Mitch stood a little too close. “Are you worried, Leah?”

I thought of what Kyle had said: that anyone could tell. I fumbled for the doorknob. “Thanks for letting me know,” I said. I slipped back inside the classroom, ignored the students who were grinning, or the girl now craning her neck to see if Assistant Principal Sheldon was still standing outside my room – and guessing at what that meant.

I wondered how hard he had tried to dispel the rumors. And then I wondered whether he was the source of the rumors. Or if that was just me expecting the worst out of everyone.

NONE OF US COMEat journalism fresh, even if that’s what we tell ourselves. Everyone has an agenda, and we know it. We’ve all sat at the bar: liquor-fueled tangents on the injustice of it all, of what makes a story worthy; or the long-buried idealism rising back to the surface as our words and thoughts begin to slur. It’s a tie that binds, or so I’d thought. But there’s a line in the sand. And it’s hard to know where it is until you cross it.

The story was mine, but I was too close to it. That’s what Noah had warned. “It’s taking you over,” he’d said as I’d paced my tiny apartment, working late into the night, circling around it at all times. Like he could see it creeping in and pulling me under.

“He did it, Noah. I know him. He did it,” I’d said.

He’d paused, fixed his cool gray eyes on mine, drummed his fingers. “That’s a big story. You need it to be airtight.” A criticism, a warning, a preemptive jab at my yet-to-be-proved shortcomings.

But isn’t that what we wanted, what we all admitted to, late at night over drinks at the bar: to shake the truth free. And here I was, finally, in a position to do it.

“Eventually, the truth will come out,” I’d said. “Someone will come forward if I push.” This was what I believed: that the truth would rise to the surface, like air bubbles in boiling water.

But Noah was already pulling away in the middle of the conversation. “And if they don’t?” He shook his head, his disapproval apparent in the lines around his mouth. “You’re not going to be a martyr, Leah. You’re going to be crucified.”

“That’s the very definition of a martyr, Noah.”

He’d brushed me off with a flick of the wrist, no longer interested in the playful semantics, the way we twisted words to fit an argument, the way we could file them into a point and attack.

“Do you want to be the news or report it?” he’d asked.
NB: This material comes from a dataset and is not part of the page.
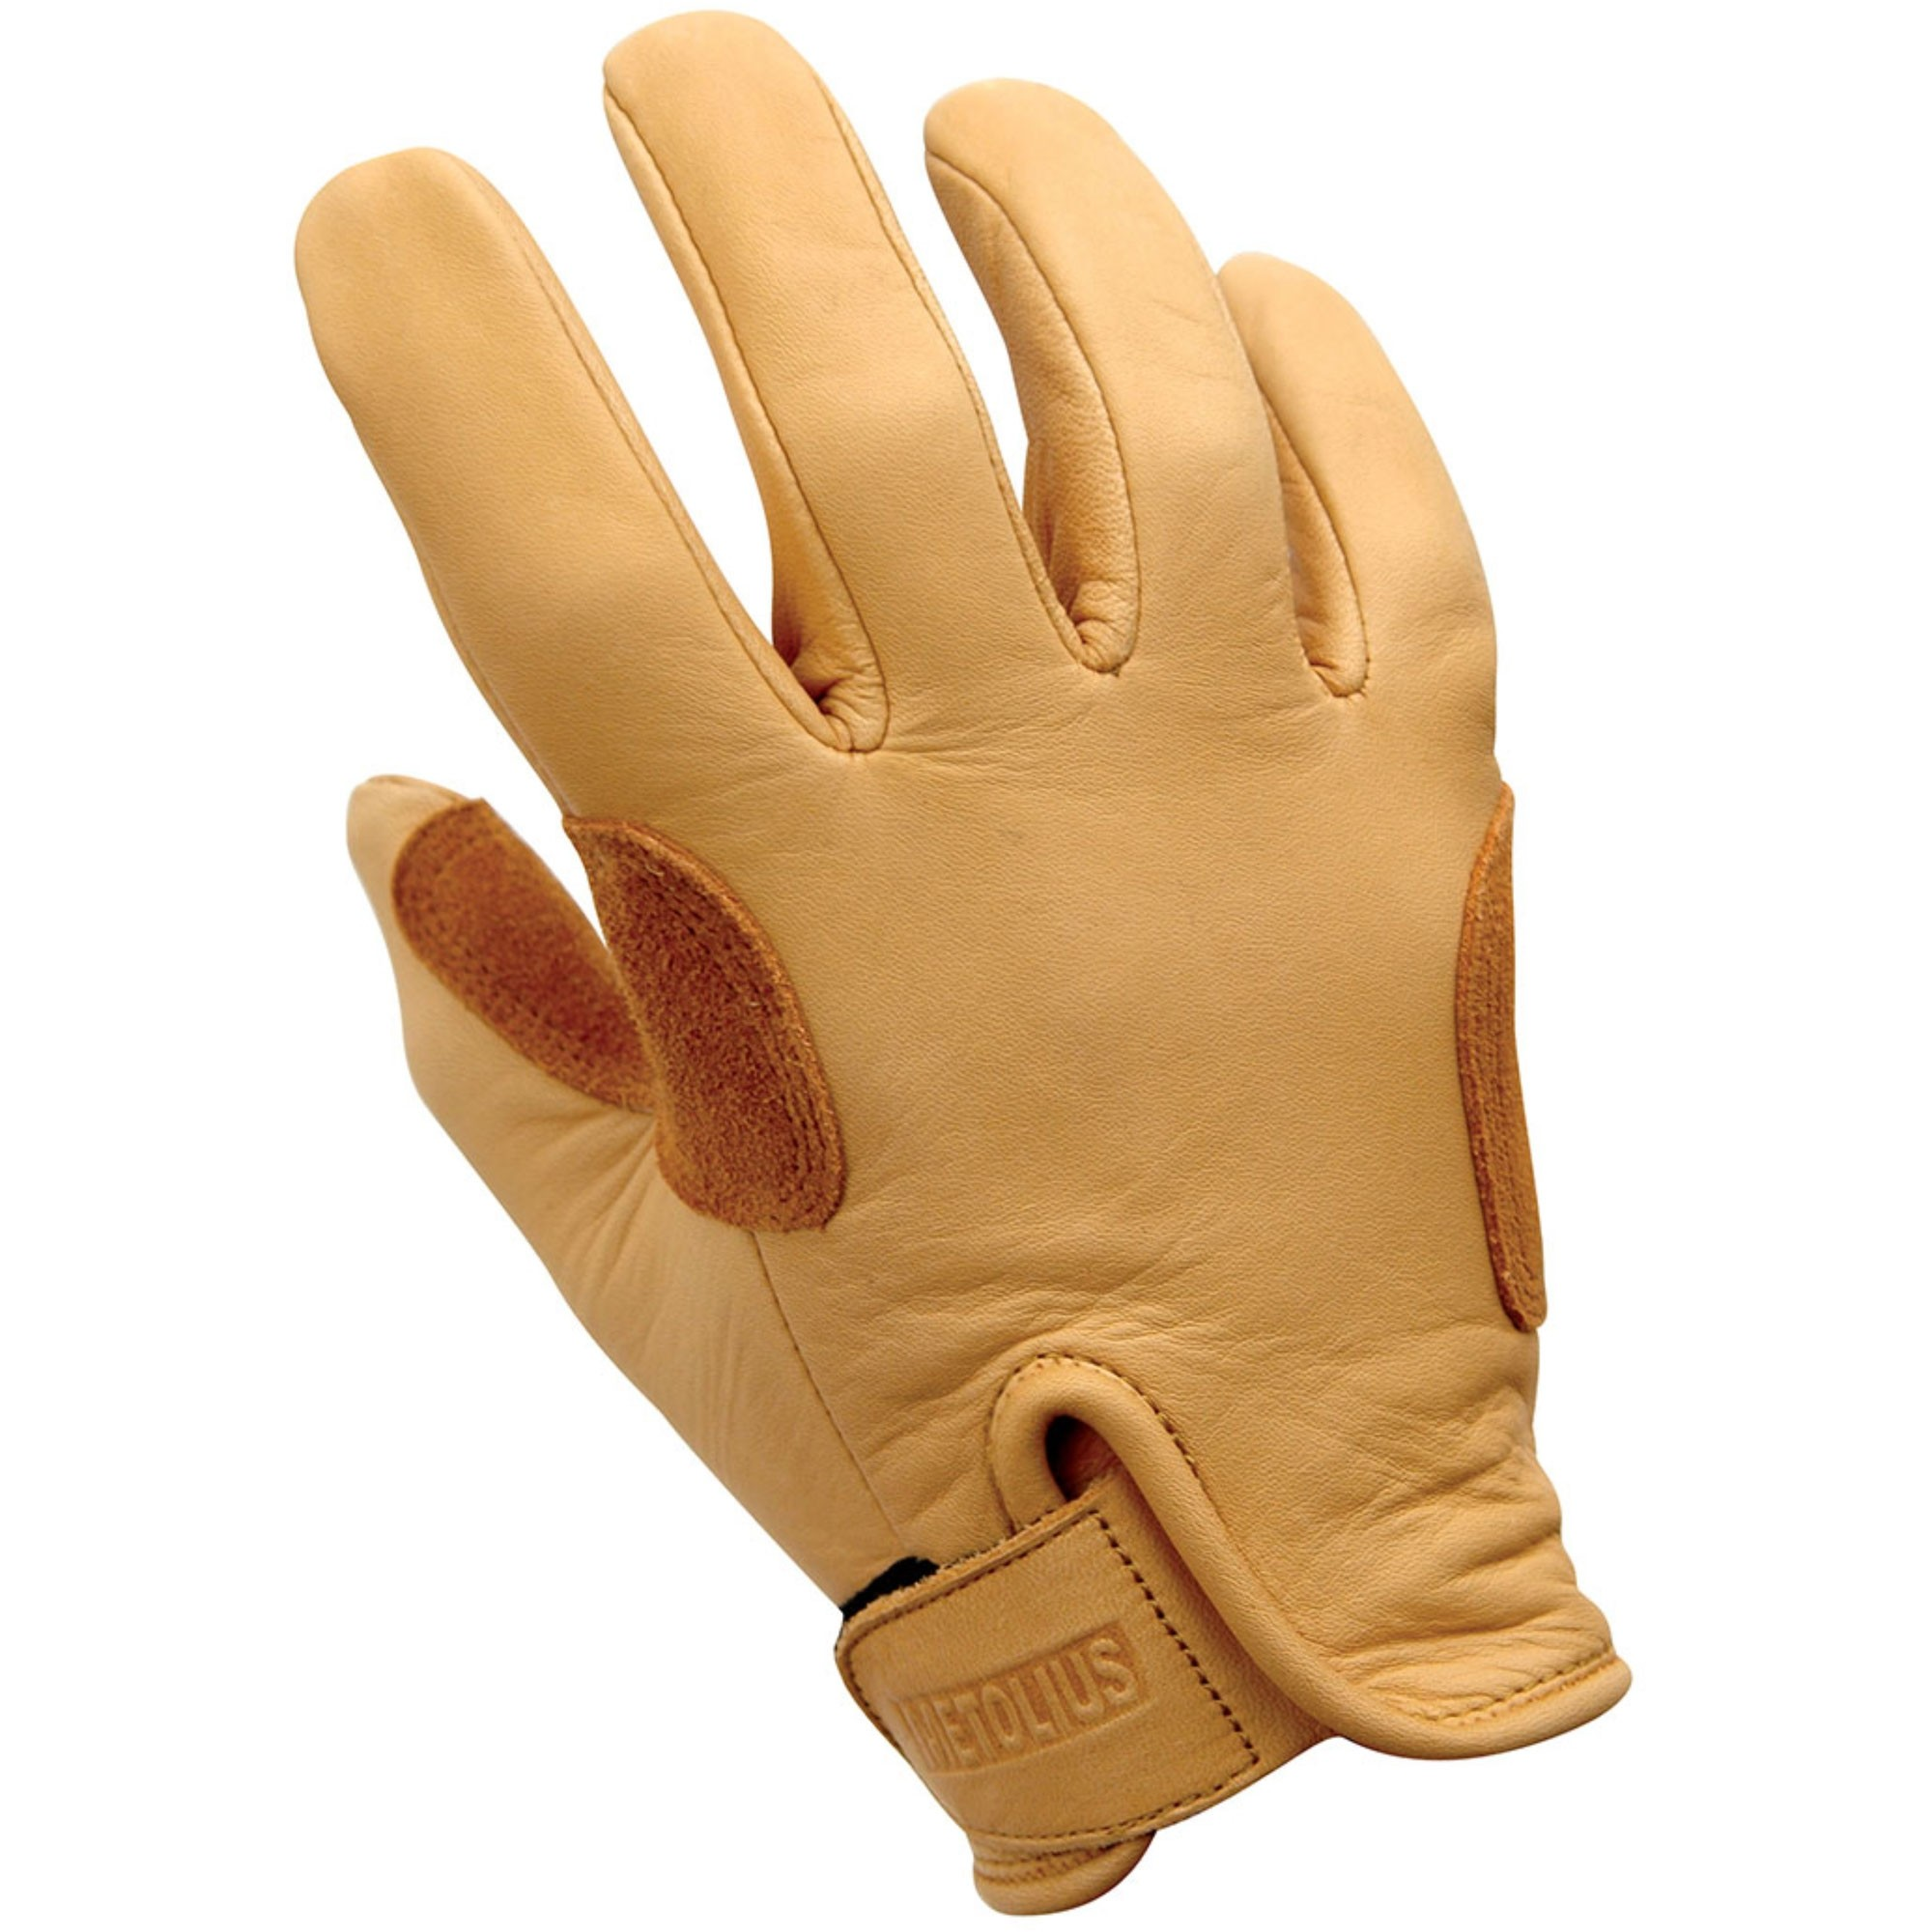 Metolius Belay Glove - Natural/Brown

What I really wanted was to go back in time, back to the first time I’d heard his name from Paige’s mouth, and stop her. I met a guy. Aaron. We both showed up to office hours with the same test that we both failed. He noticed and said, “Don’t take my story. I call a death in the family.” She’d raised her fingers to her mouth, covering a smile, stifling a laugh.

Aaron had existed more in thought than in sight for me: Going to Aaron’s. Staying at Aaron’s. And then, when he was more firmly in our world, it was always in relation to Paige. Maybe this was where I first went wrong: seeing Aaron filtered through Paige.

This was the time around which Noah cut and run. You’re going to tank your career, and for what? One dead ghost.

The breakup, at least, I should’ve been ready for. Maybe if I hadn’t been so deep in the story, I would’ve seen it coming. I could typically feel that moment when everything shifted, when the slide began, could identify the point from which there would be no recovery. Of course this would be that moment.

I had become too focused, too serious, too driven –all things I had always been, that he had neglected to see first. Both of us striving for something greater. For me, the truth. But for him, the bigger goal was his career.

Even before Noah, there had been a slew of men who, on the third or fourth or tenth or eleventh dates, had reached an inevitable breaking point. When something had happened, some crack, some slip, and the other Leah, the one underneath, the one who lived with Emmy for a summer – the one who was not as put together or as solid and unchanging – would become visible, and I’d see the twist in their faces, the confusion, the pieces being reassigned, recategorized. The gap would start to grow between us, and I’d see it coming. Sometimes, if I was feeling particularly masochistic, I’d cut it off right then, at the end of that date. But most of the time I’d let it slide, watch it happen, wait.